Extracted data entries
+-------+

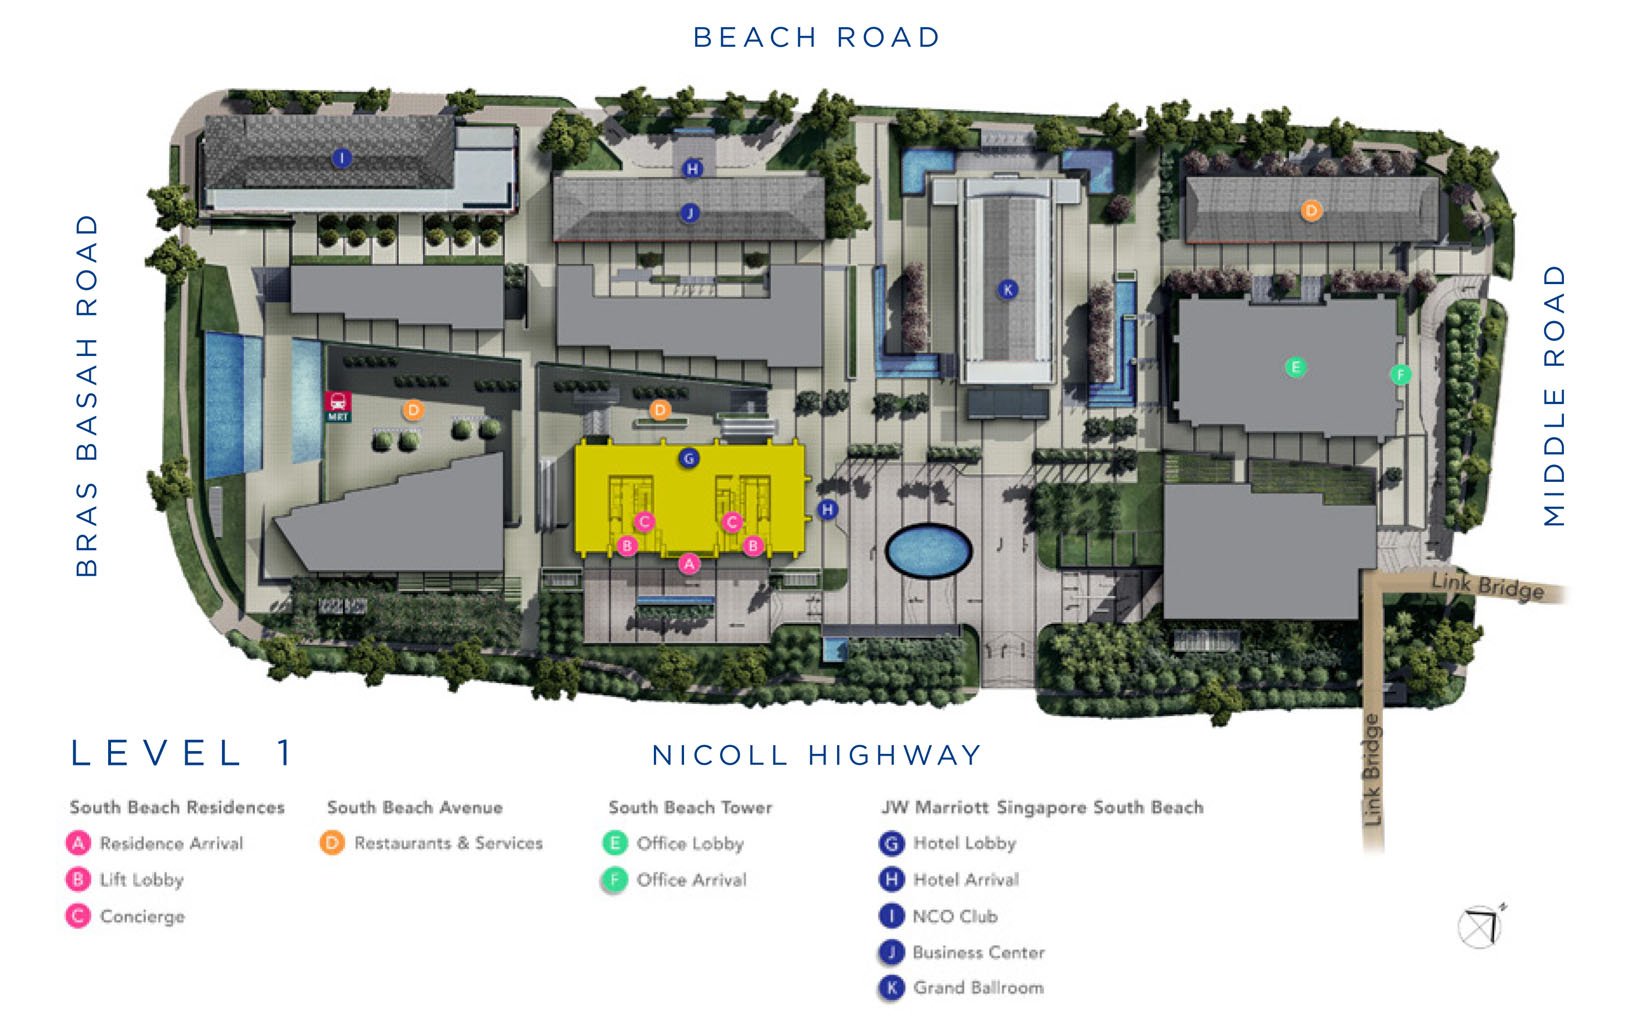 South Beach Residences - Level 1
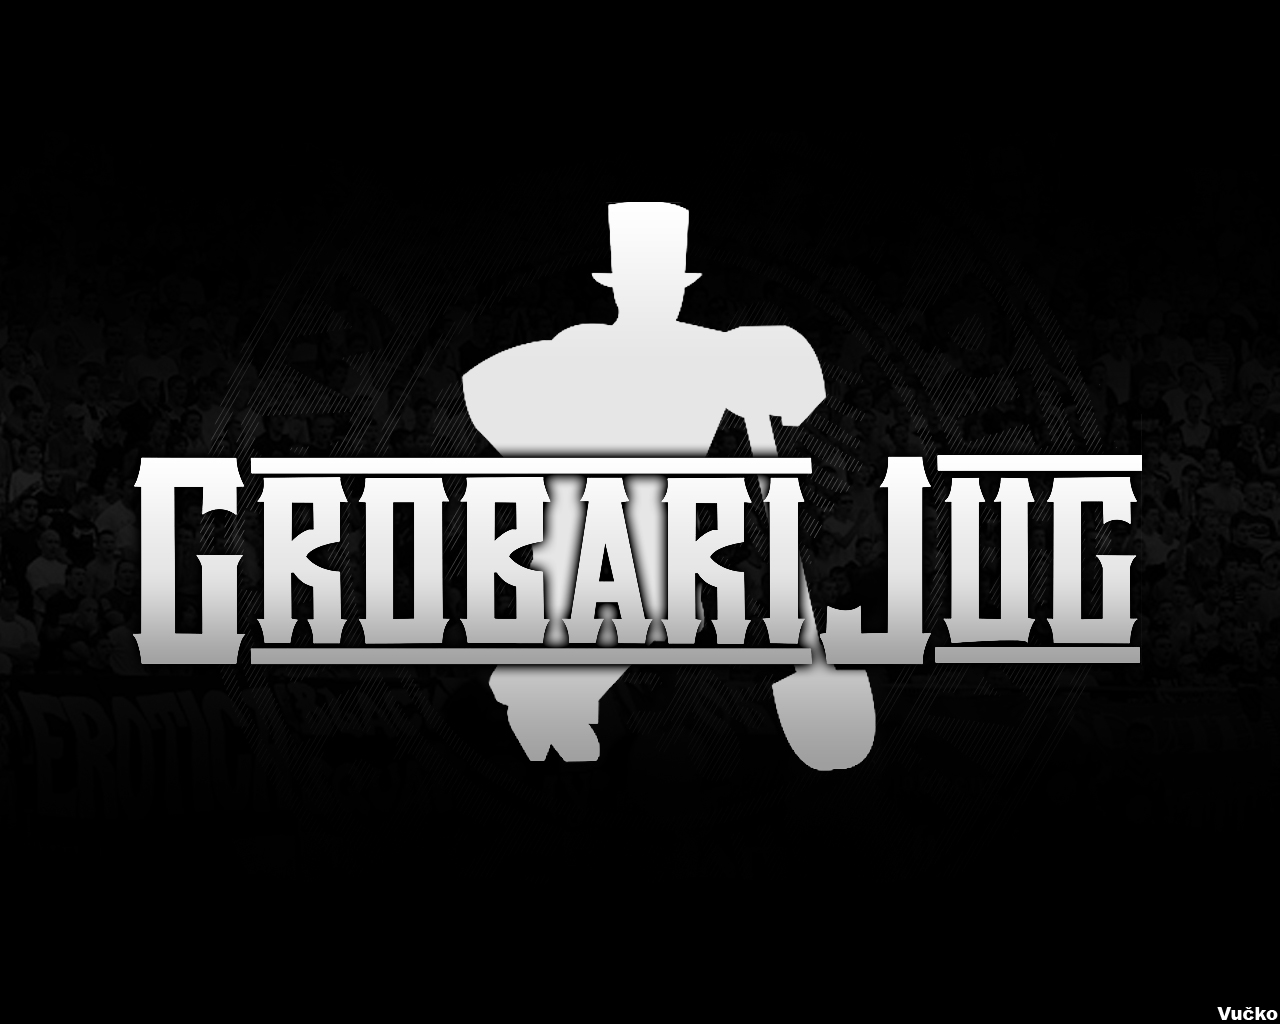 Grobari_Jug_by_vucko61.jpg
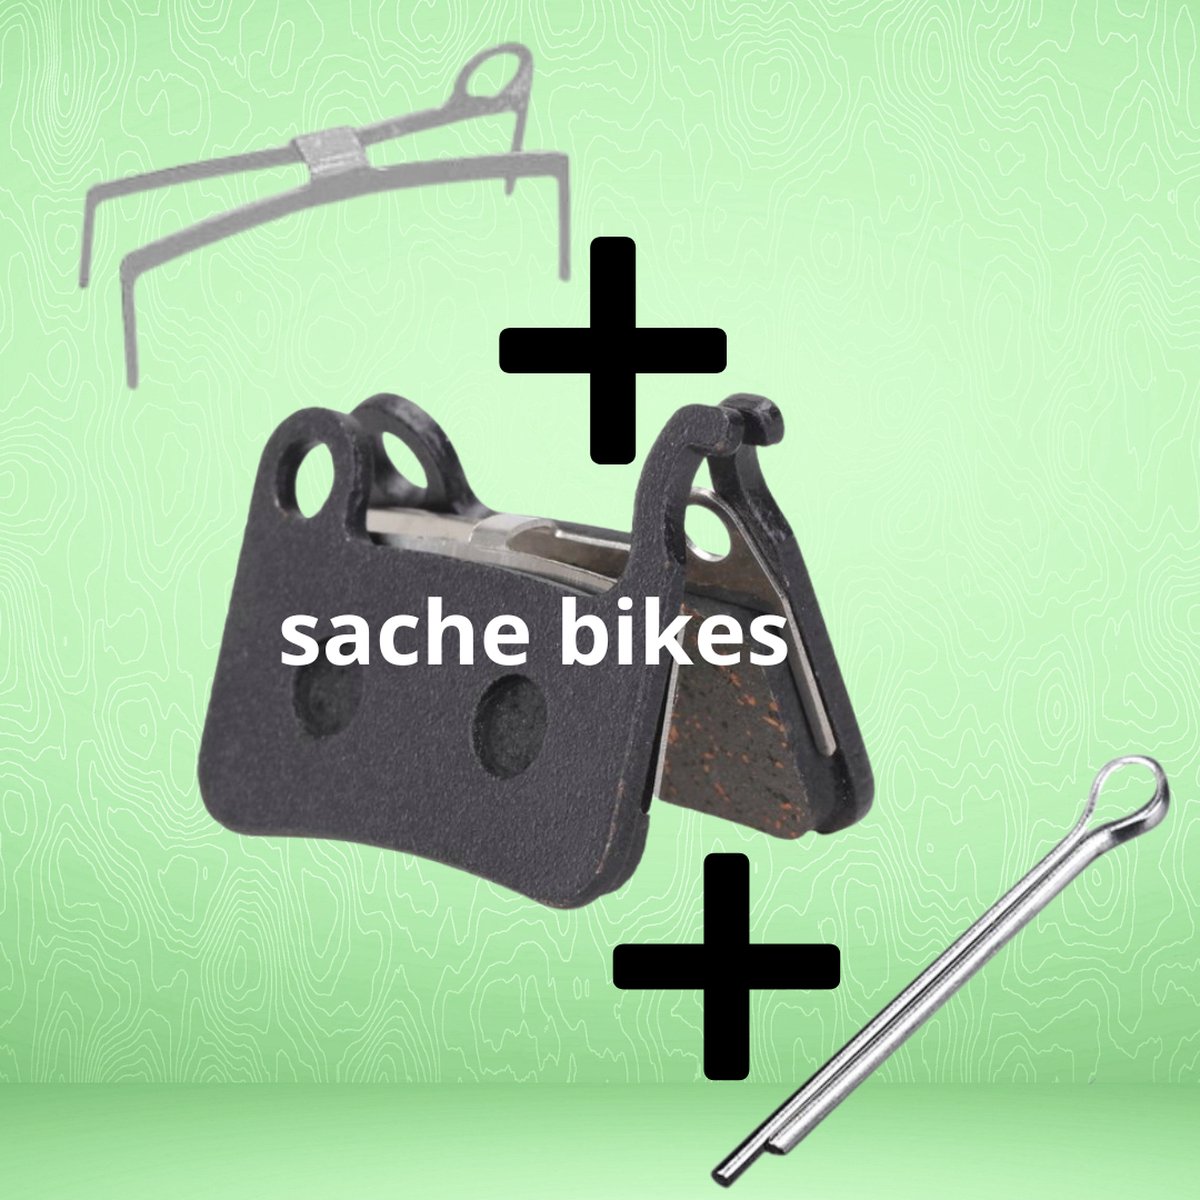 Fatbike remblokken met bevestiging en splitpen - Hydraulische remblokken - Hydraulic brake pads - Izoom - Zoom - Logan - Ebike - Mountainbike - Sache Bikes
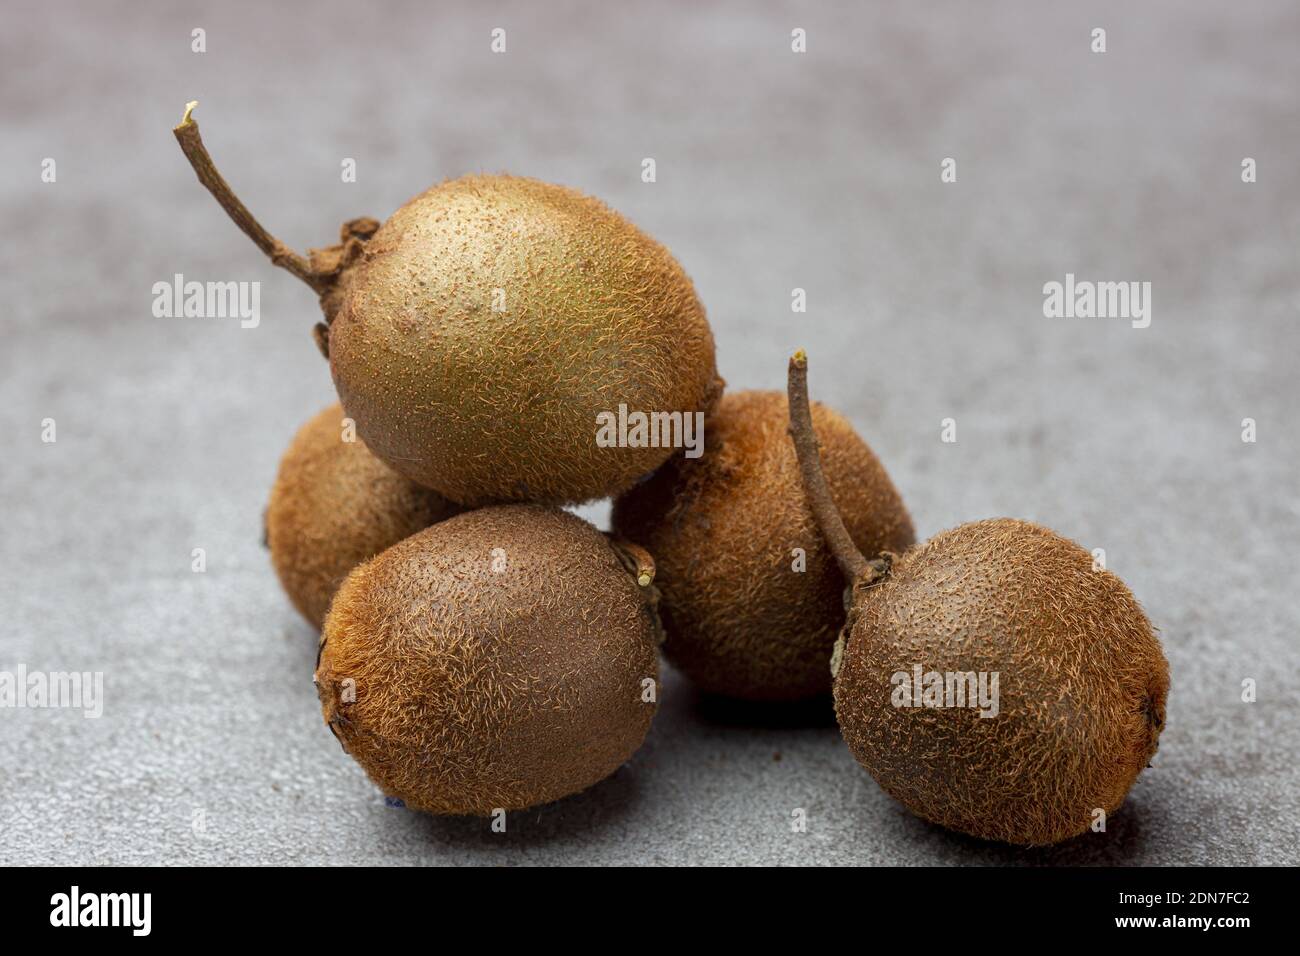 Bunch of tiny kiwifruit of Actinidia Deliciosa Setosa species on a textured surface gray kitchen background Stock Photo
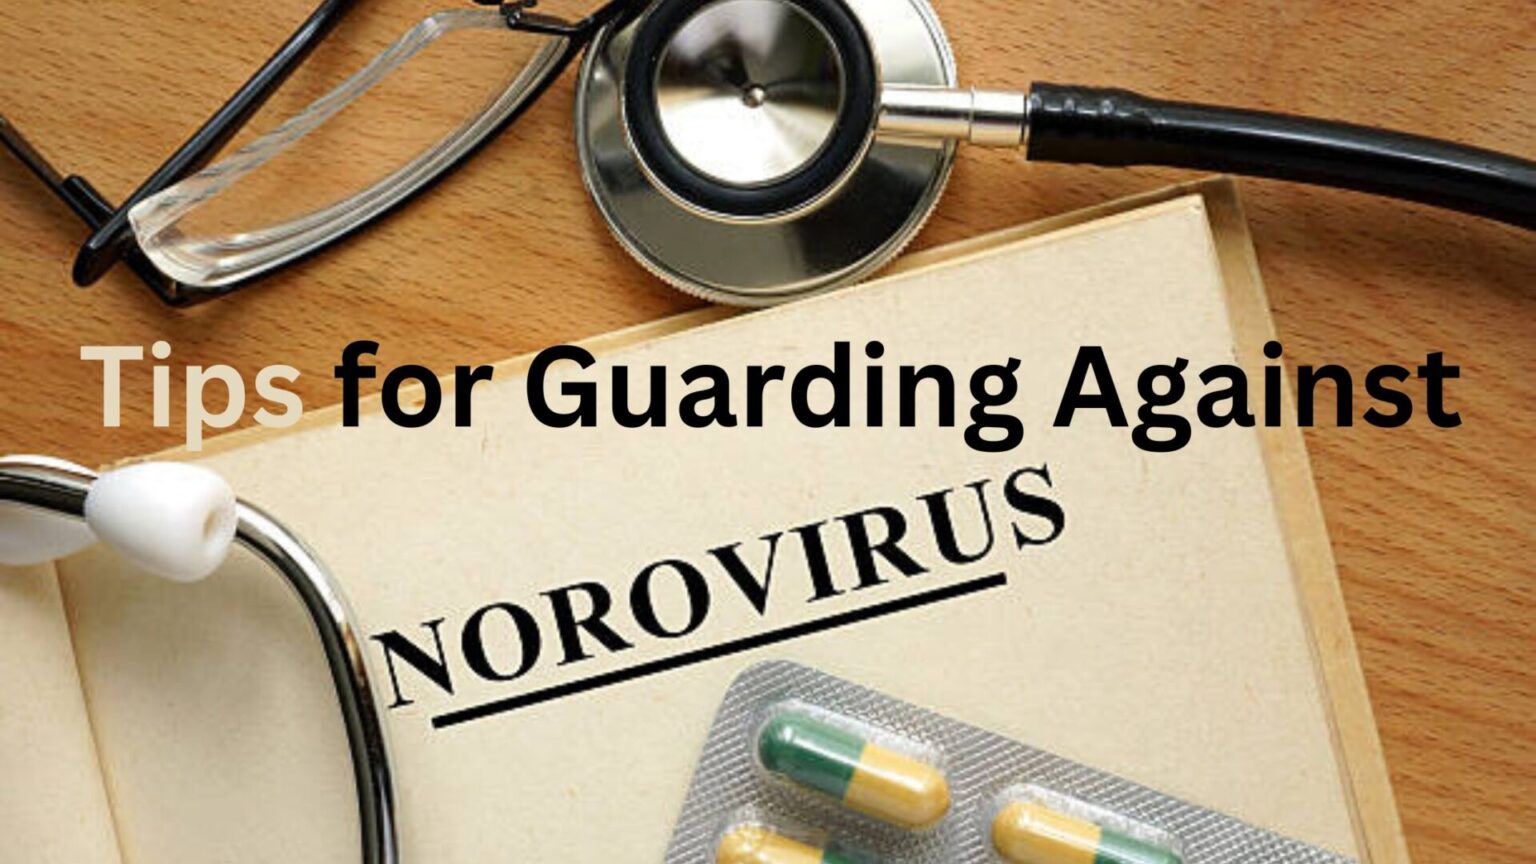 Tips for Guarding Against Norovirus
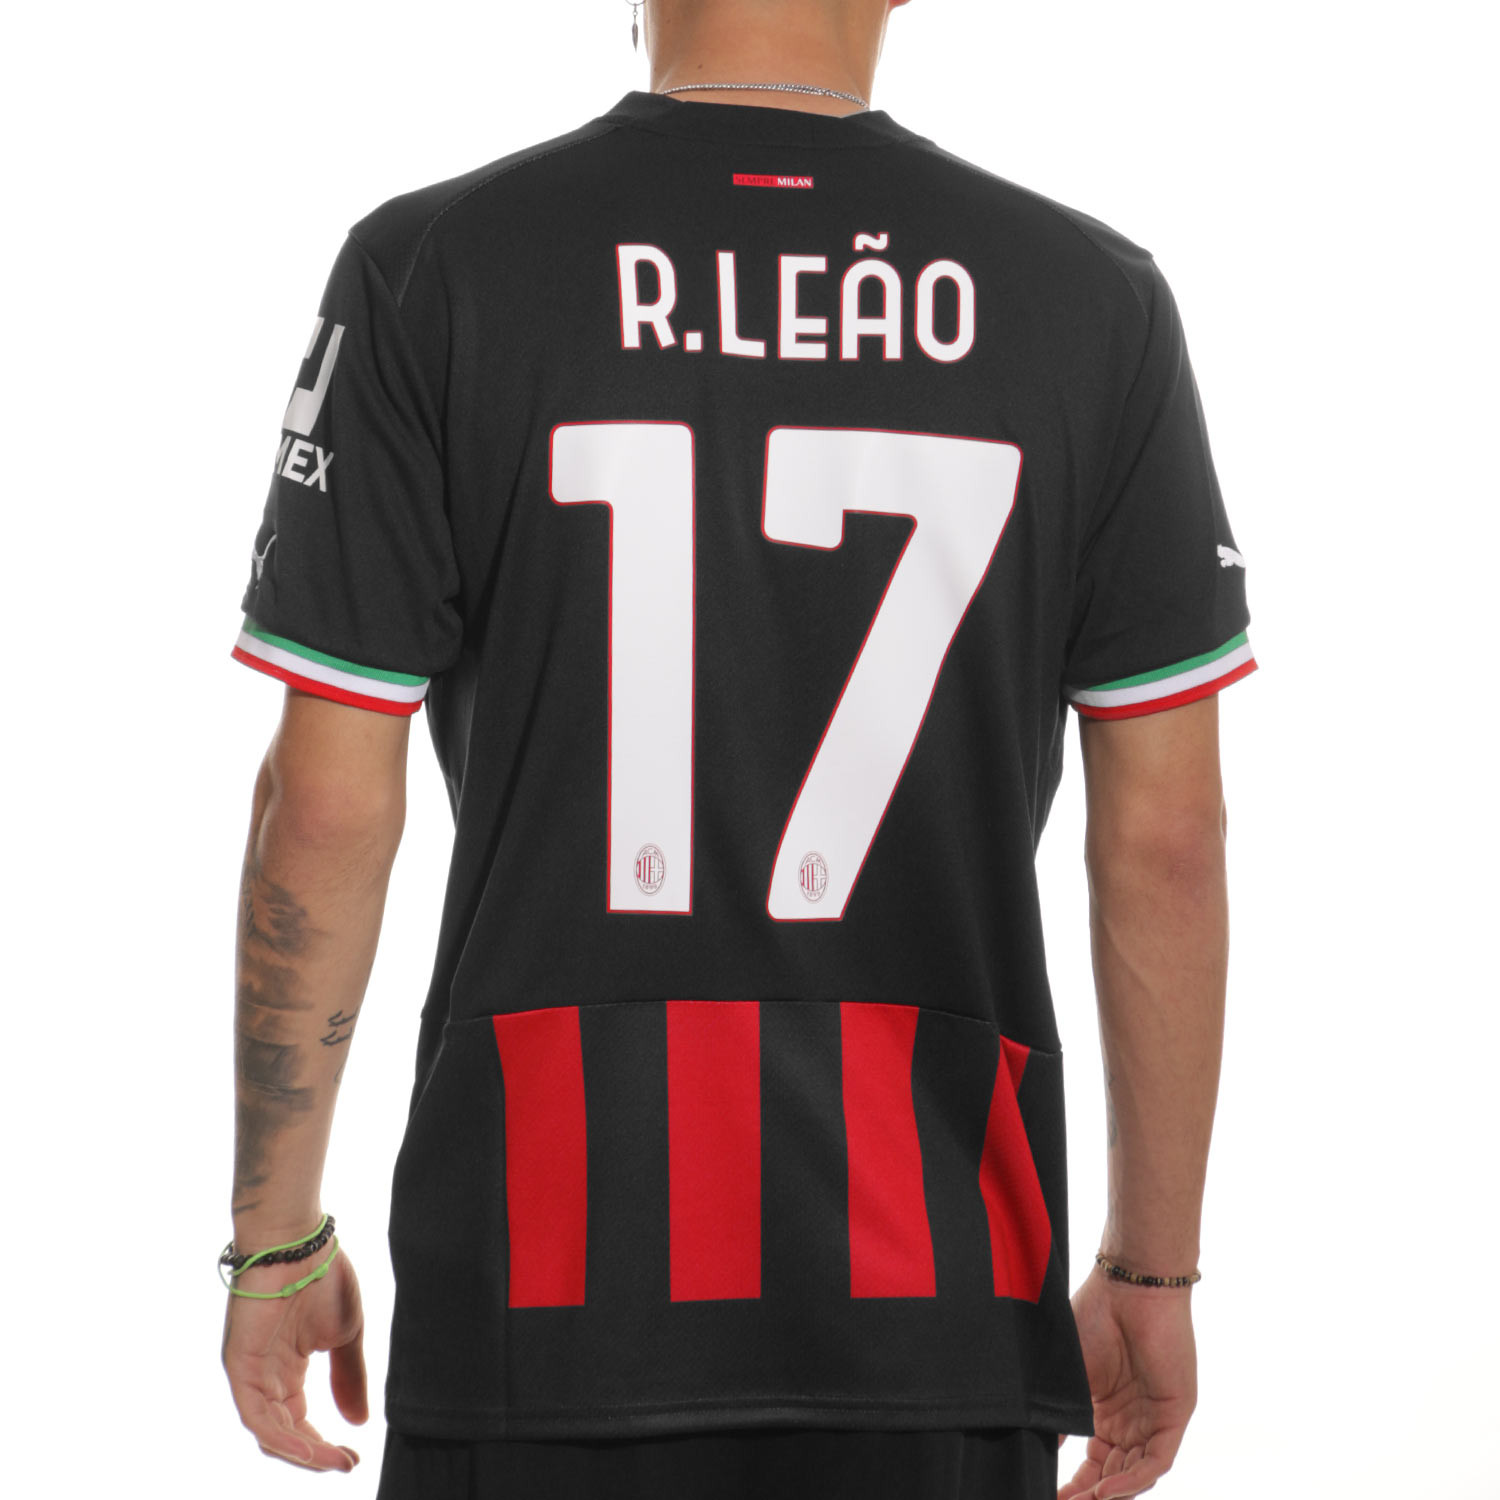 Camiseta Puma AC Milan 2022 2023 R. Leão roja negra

+-------+

*Task statement*: Hand over the entries again, exactly as written and without the pictures.

*Result for this exercise*:
 South Beach Residences - Level 1
 Grobari_Jug_by_vucko61.jpg
 Fatbike remblokken met bevestiging en splitpen - Hydraulische remblokken - Hydraulic brake pads - Izoom - Zoom - Logan - Ebike - Mountainbike - Sache Bikes
 Bunch of tiny kiwifruit of Actinidia Deliciosa Setosa species on a textured surface gray kitchen background Stock Photo
 Tips for Guarding Against Norovirus
 Camiseta Puma AC Milan 2022 2023 R. Leão roja negra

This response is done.